In the GUI tool, the bottom part refers to the sizing of the study:
a. Is paired referred to the case of 2 modalities? If not, then what it is? If yes, what should I use if having only 1 modality?
b. How is the effect size defined for binary data? The default in the GUI is HO of AUC=0.5 or equivalent for P=0.5. I was not sure if the effect size is defined as the difference between P under the null and P under HO or differently. If this is how it is defined, then why it does not needed to give also the null? I see why this is not needed for AUC, but for binary, the sizing is not the same if the difference is 10% and P0 is 1% or 50%.

CO.Ind.P0.9.2R.40C.xlsx

Thanks,
Anat

brandon-gallas · 2021-05-18T03:42:49Z

First of all, thanks for the feedback and sorry for the delay. I wish I could tweak and tune the software accordingly right now.

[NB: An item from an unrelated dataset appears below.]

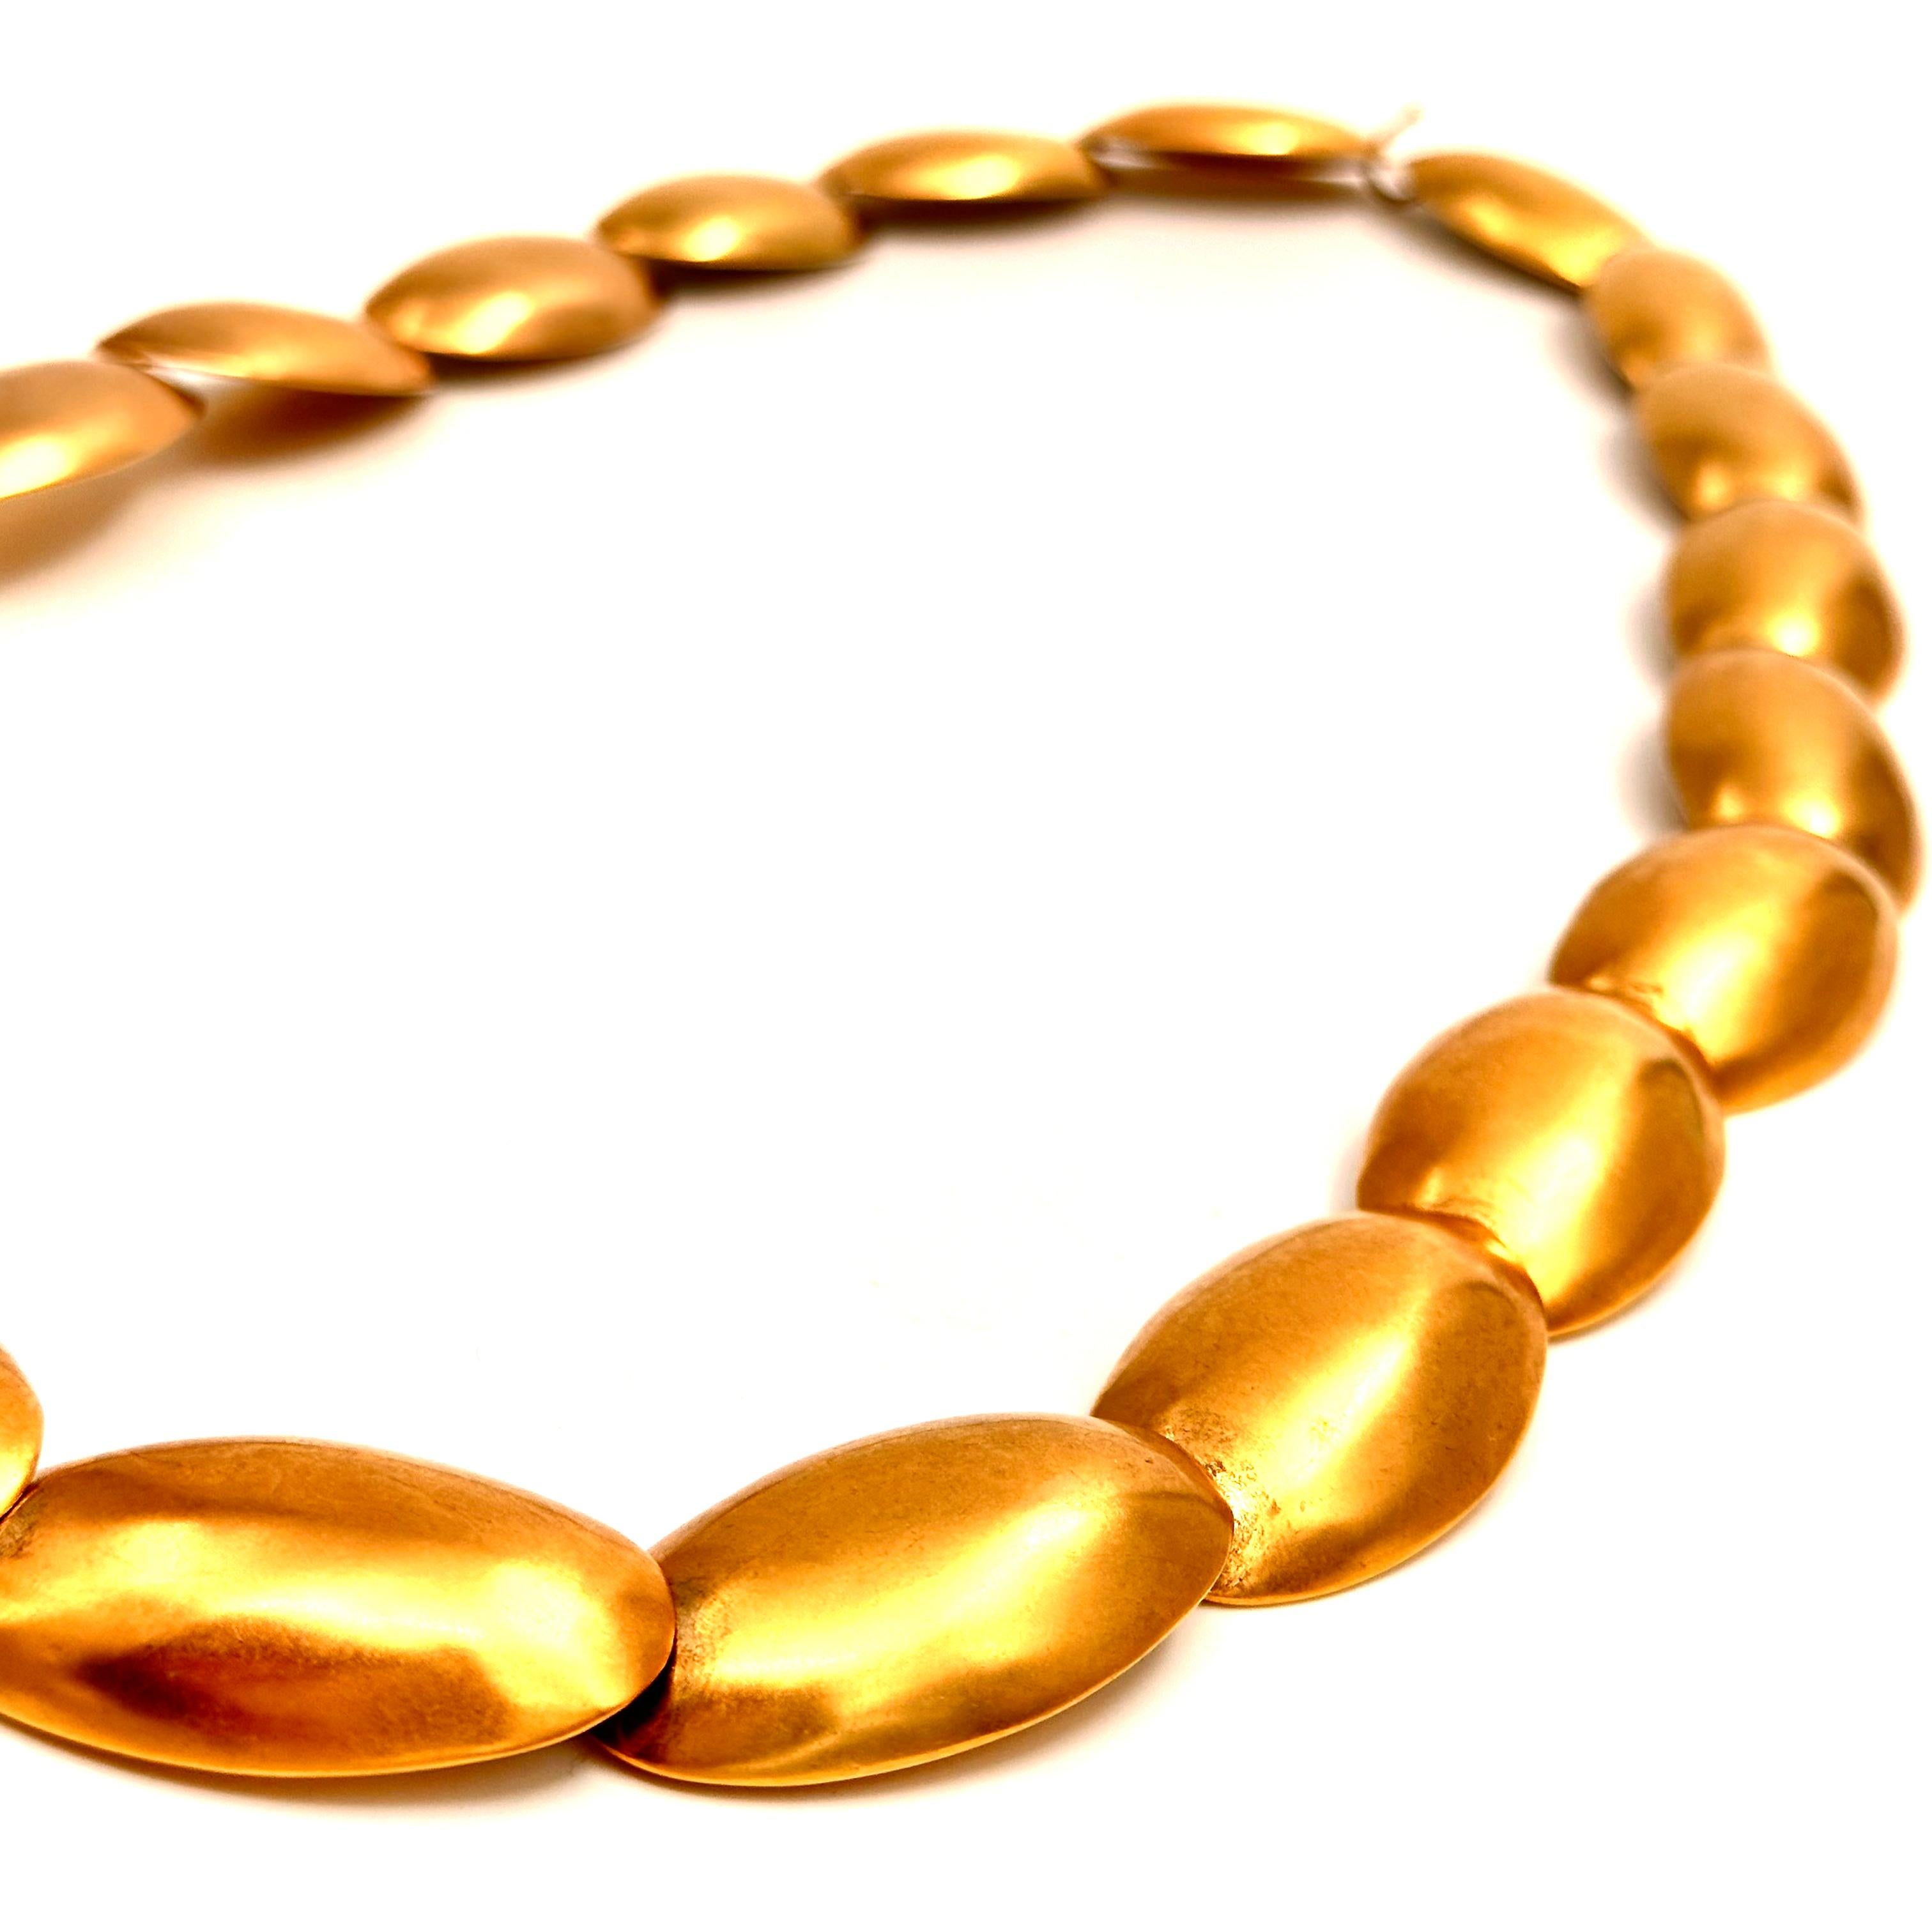 Created in 1987 for the Donna Karan collections, where the theme was soft pebbles, this belt length necklace is composed of repeating egg forms that are solid brass, plated in a semi shiny gold. Used as belts these softly gliding forms added to the

Q1 response: I don’t have an answer for you now. The data file you shared indicates you are pushing the limits in terms of the number of readers. I do not recommend doing an MRMC analysis with only 2 readers. It’s like trying to estimate a variance with only two numbers, just not a good idea. We are rewriting the software to be all native R code. Right now it calls a java app, making it hard to debug. I will leave this issue to check once that is complete.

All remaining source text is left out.